High-Performance Computing for Computational Fluid Dynamics for Free

When designing ships, offshore wind turbines or other coastal and open-water constructions, the impact of water flows and waves is important. When designing an offshore wind turbine, you for example want to be sure that the construction can withstand the impact of waves. When designing ships, many are interested in increasing fuel efficiency through the design of the hull. Being able to simulate such problems is therefore of high interest. The simulation of these things is the field of Computational Fluid Dynamics (CFD). Here the Navier-Stokes equations are used as the mathematical model to describe the physical phenomena’s. However, it is well known that these equations are very computationally expensive, meaning the time required to do simulations are very long. It is therefore of interest to be able to reduce the computational cost by use of modern numerical techniques as well as implementation on modern many-core hardware.
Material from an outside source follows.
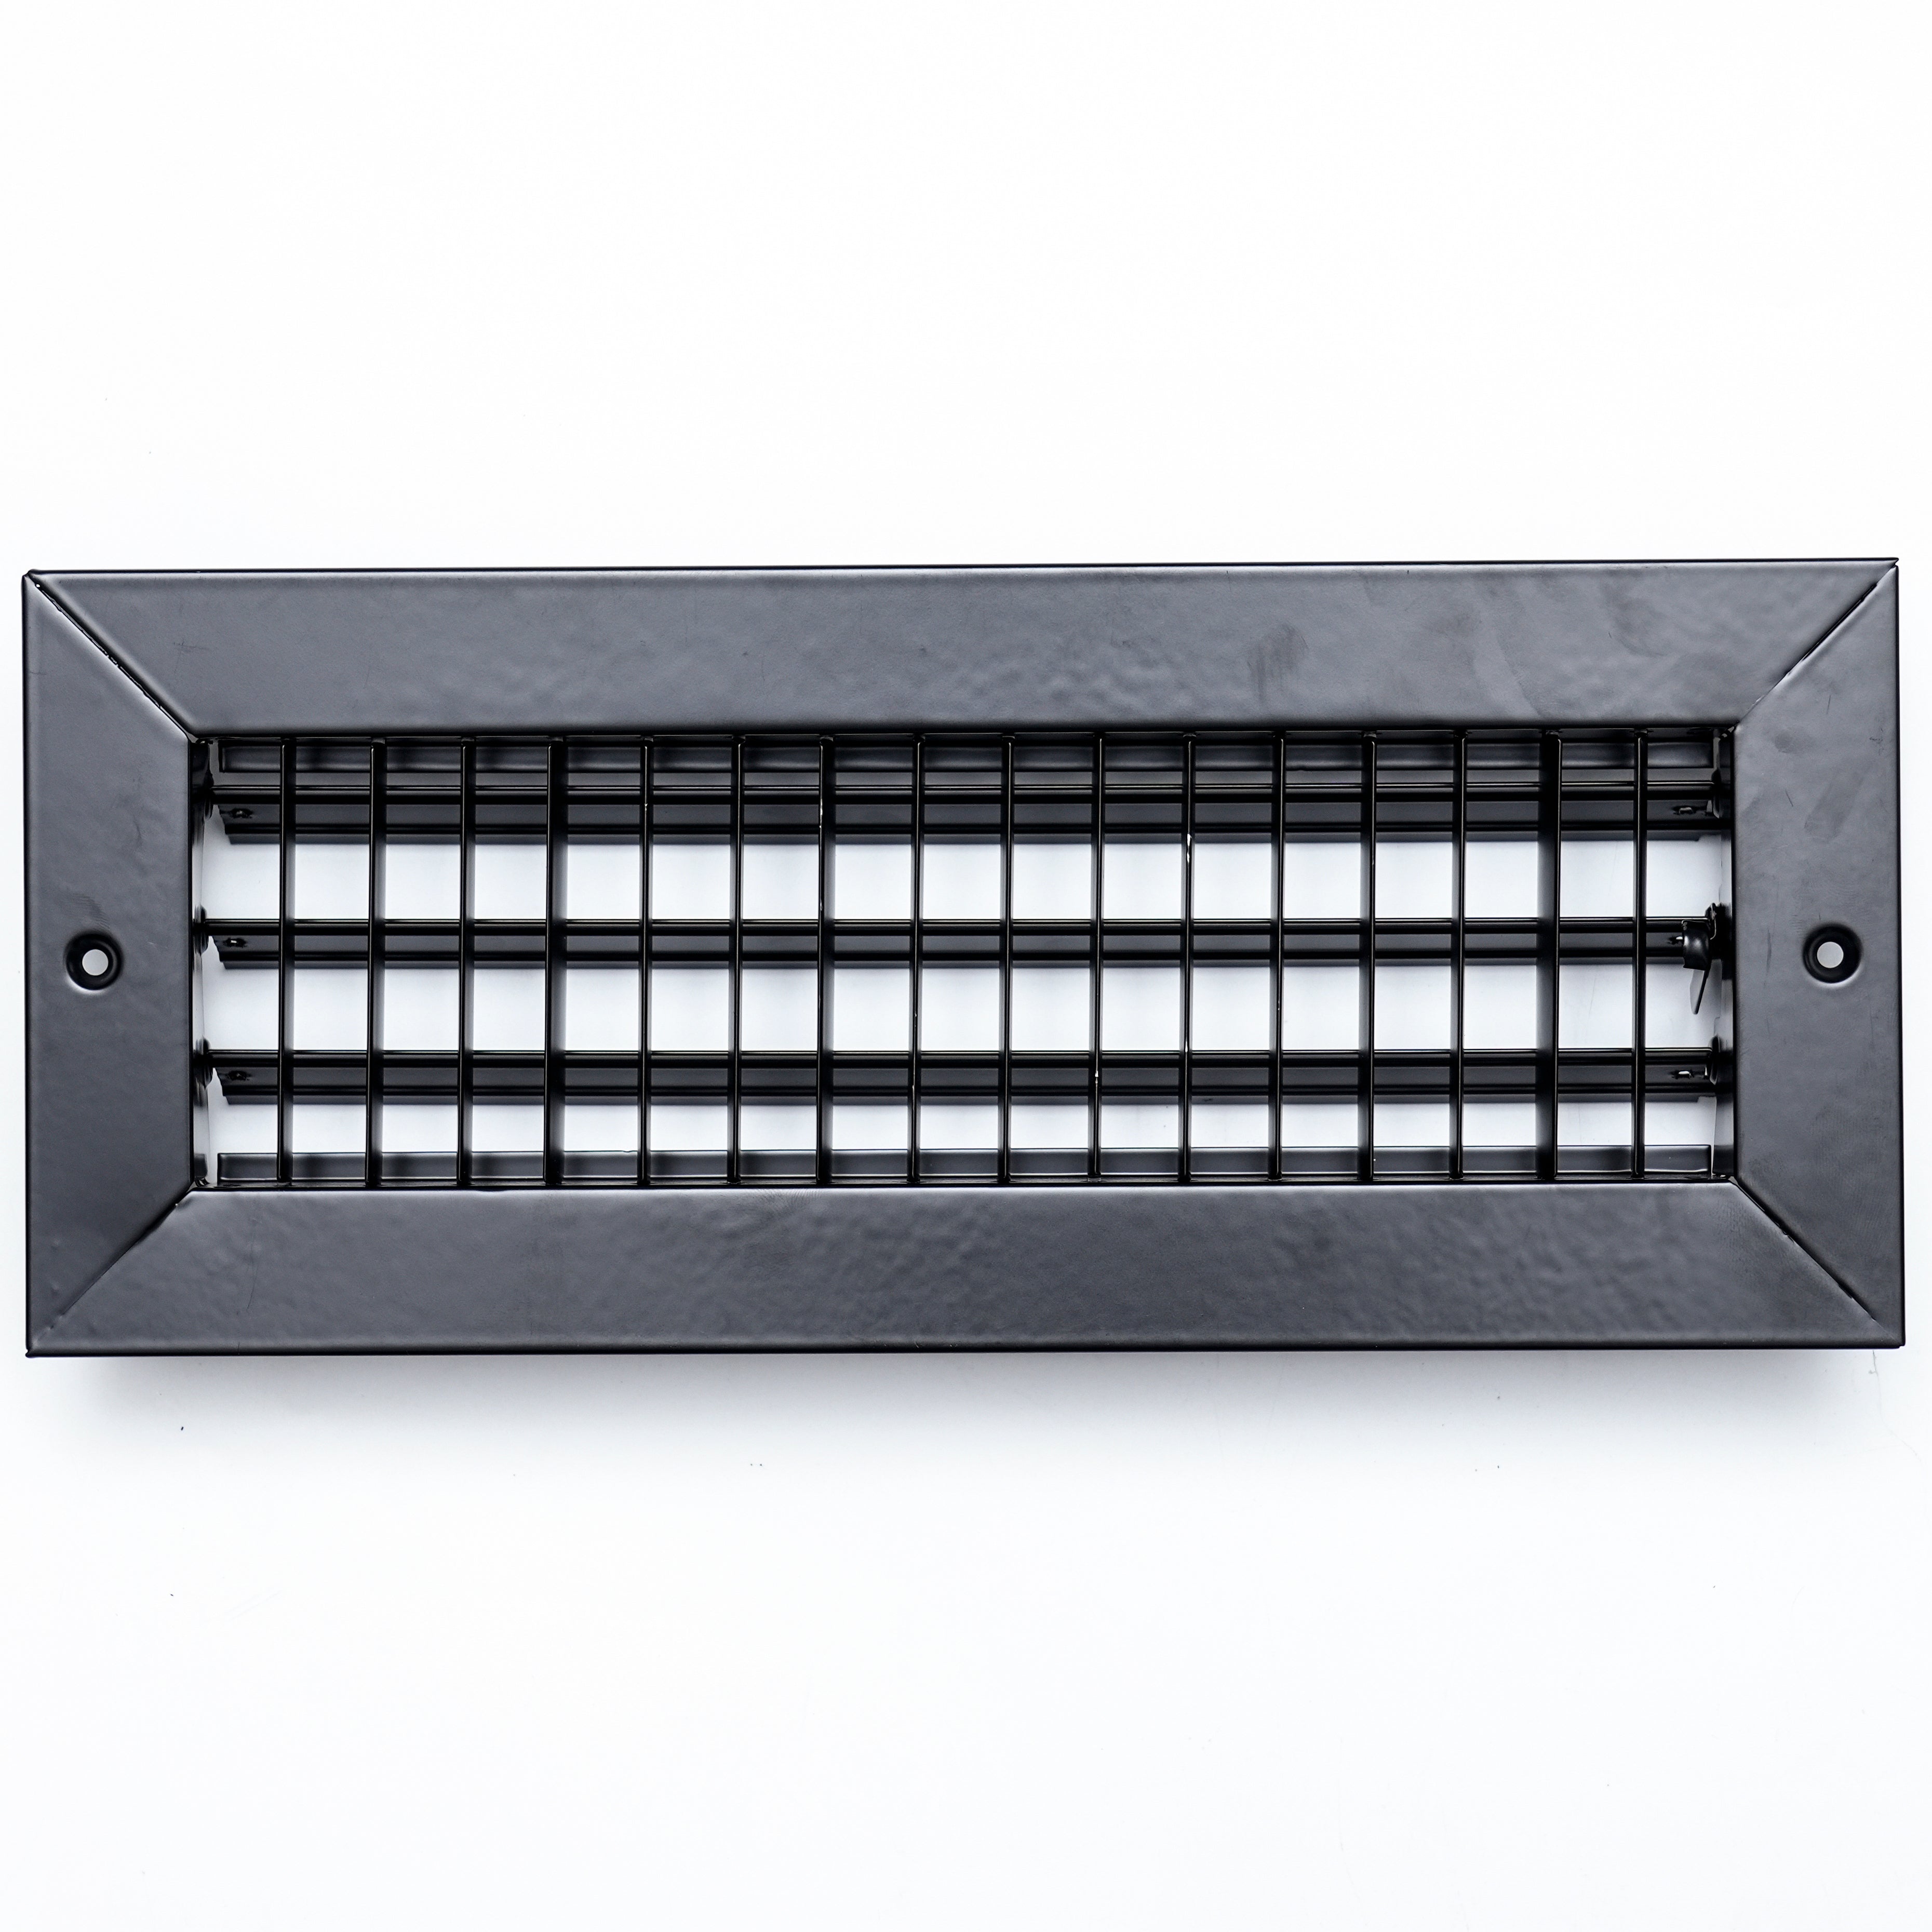 12"W x 4"H Steel Adjustable Air Supply Grille | Register Vent Cover Grill for Sidewall and Ceiling | Black | Outer Dimensions: 13.75"W X 5.75"H for 12x4 Duct Opening

The goal of this project is to research and develop a state-of-the-art massively parallel Navier-Stokes solver for high-fidelity free surface flow modeling using spectral element methods. Free surface Navier-Stokes solvers have high computational cost, therefore compromises are often made in terms of solution accuracy for a lower computational run time. The project will address the high cost and the necessary scientific challenges in utilizing high-performance computing on state-of-the-art many-core hardware to lower cost through careful algorithmic implementations. Moreover, by utilizing high-order numerical methods for the proposed solver, the research will focus on answering how to lower the high simulation time of Computational Fluid Dynamics. High-order numerical methods were shown to achieve better performance for many types of fluid computations compared to low-order methods based on error versus computational cost. However, less research have focused on how to optimally map the methods to many-core hardware.

This kind of solver will allow for highly accurate simulation of kinematics, turbulence, etc., in the vicinity of fixed, forced and free bodies submerged in the fluid. Moreover, this will also improve the speed of simulations, allowing for more testing to be done when designing wind turbines, ships etc., therefore increasing the quality of these products, e.g., more fuel-efficient ships.